This delightful quinoa salad is packed full of nutrients, and protein and offers a bright lemony vinaigrette finish. Take on a picnic, to a potluck or enjoy for lunch or a snack. It's hearty, satisfying and healthy!
Rinse quinoa under running water. In a medium sauce pan, combine rinsed quinoa and water. Bring to a boil, turn to low, cover and simmer for about 10 minutes. Remove from heat and keep covered for about five minutes. Remove lid and transfer quinoa to a large mixing bowl and set aside.
While the quinoa is cooking and oven is preheating, slice eggplant, lengthwise and score the flesh diagonally, to make diamond shape patterns. Spread 1 1/2 tsp of olive oil on the flesh of each eggplant and slather around using fingers to distribute the oil evenly. Place a thyme spring on each slice and turn flesh side down on parchment or silpat lined baking pan. Place eggplant in oven and roast for 50-55 minutes.
While the eggplant is roasting, prepare the rest of the salad by rough chopping the Kalamata and sun-dried tomatoes. De-leaf the thyme and chop, finely, reserving a few springs and leaves for garnish. Add the olives, tomatoes, chopped thyme and salt and pepper to the large mixing bowl the quinoa is in. Set aside. Prepare the dressing (see below).

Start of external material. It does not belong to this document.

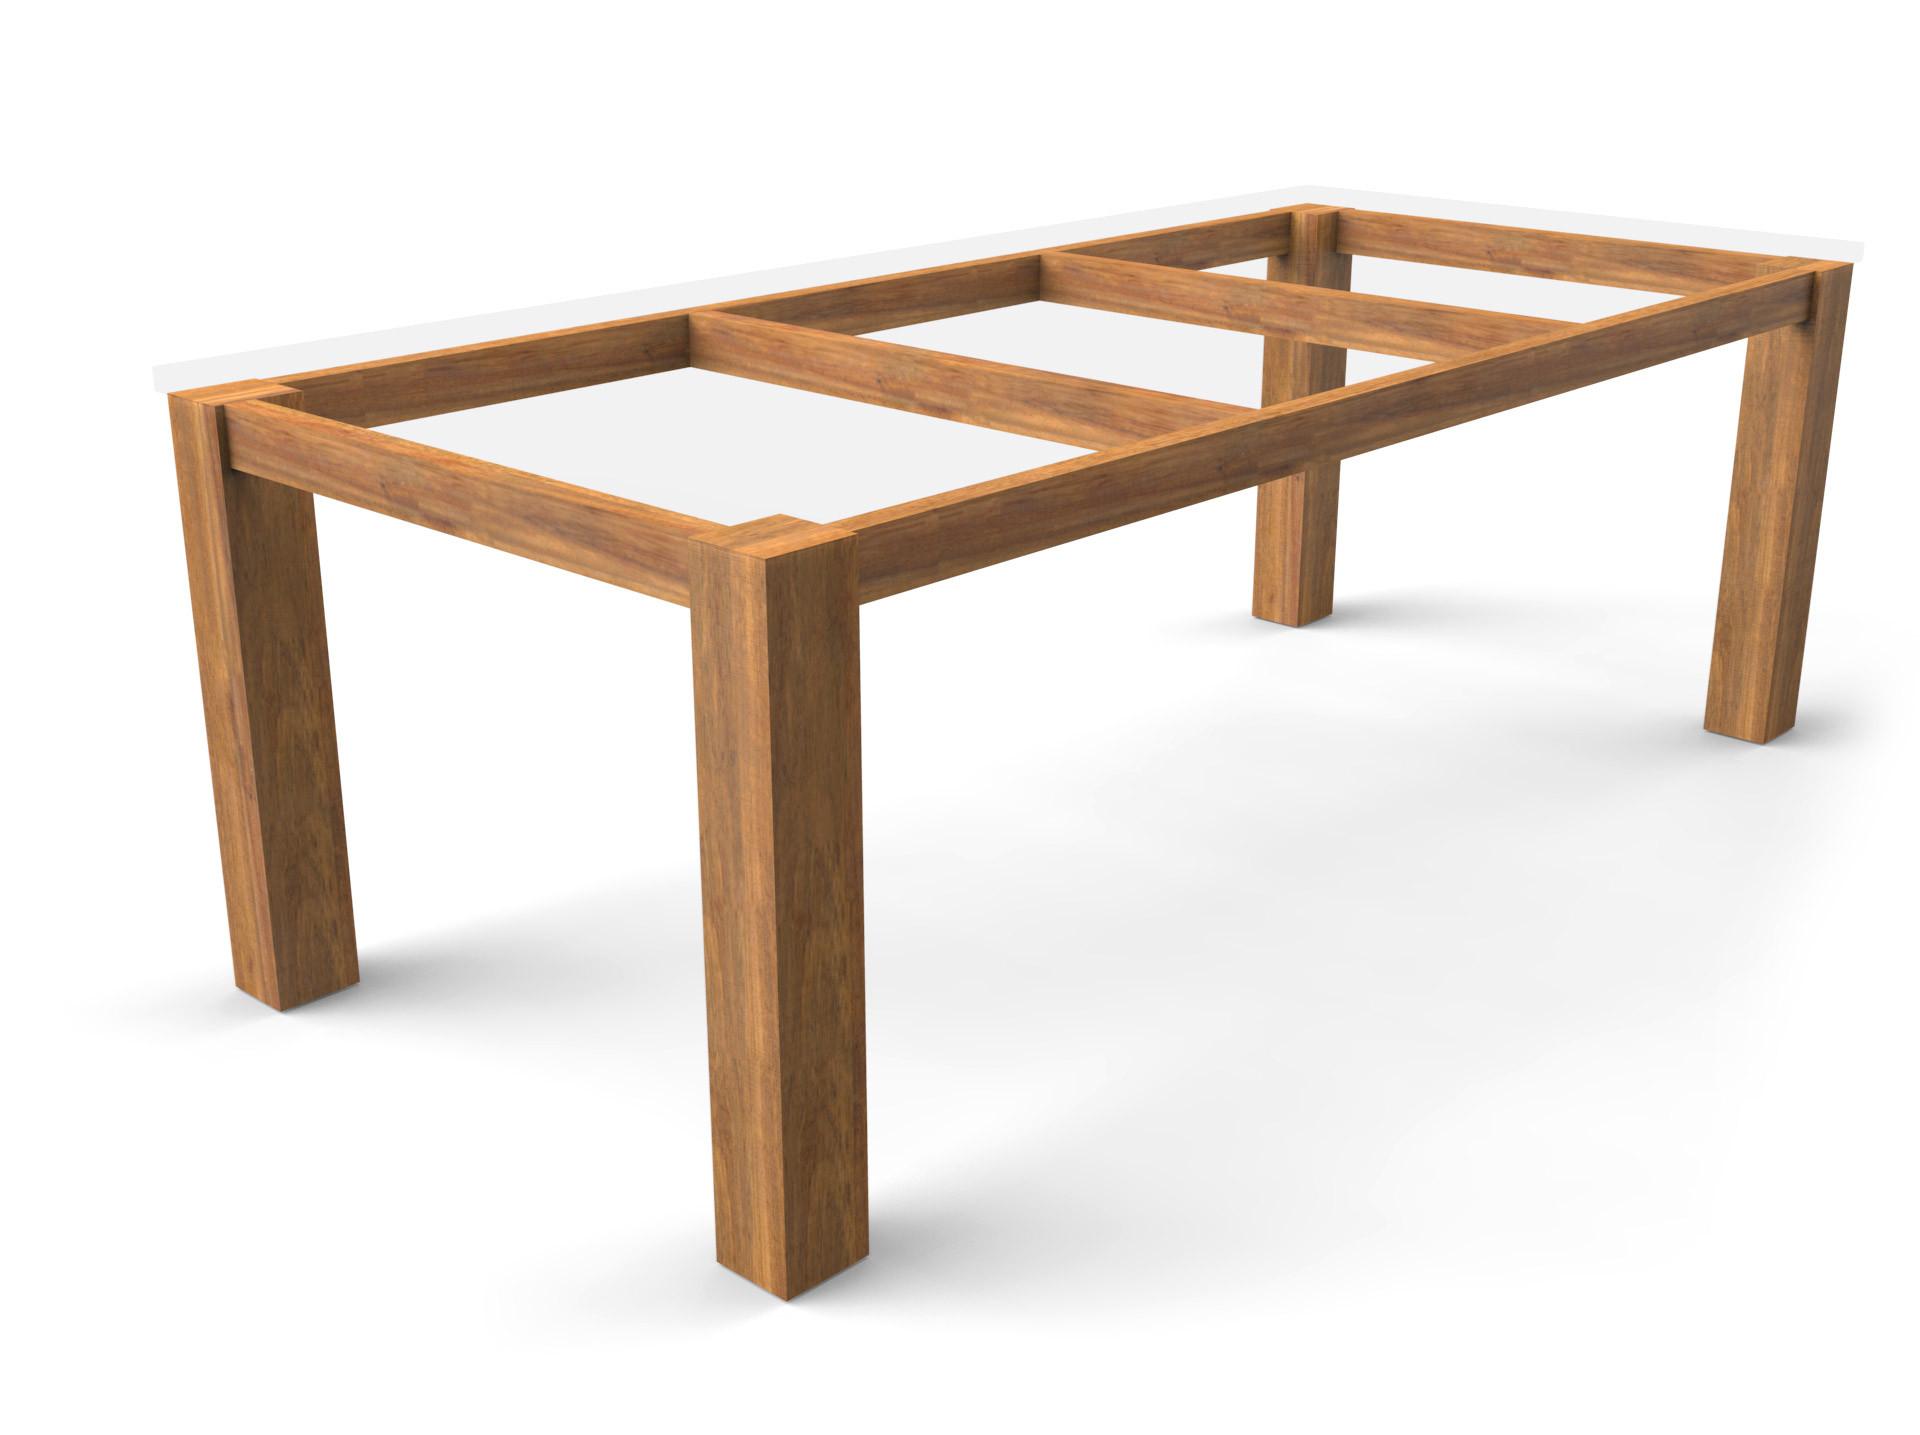 Tischgestell Standard Guariuba Holz

Once the eggplant has finished roasting, flip the eggplant over and cool. Remove and discard the thyme. Using a spoon, scoop out flesh and discard the skins. Rough chop the flesh of the eggplant and transfer to the large mixing bowl. Add the dressing. Stir to evenly distribute the ingredients. Taste for salt and add a squeeze more lemon if desired. Refrigerate for at least 1/2 an hour before serving. Garnish with fresh thyme. Store in the refrigerator for up to three days.
For the Dressing:
In a lidded jar, add the balsamic, lemon juice, olive oil, garlic, salt and lemon zest. Shake to emulsify.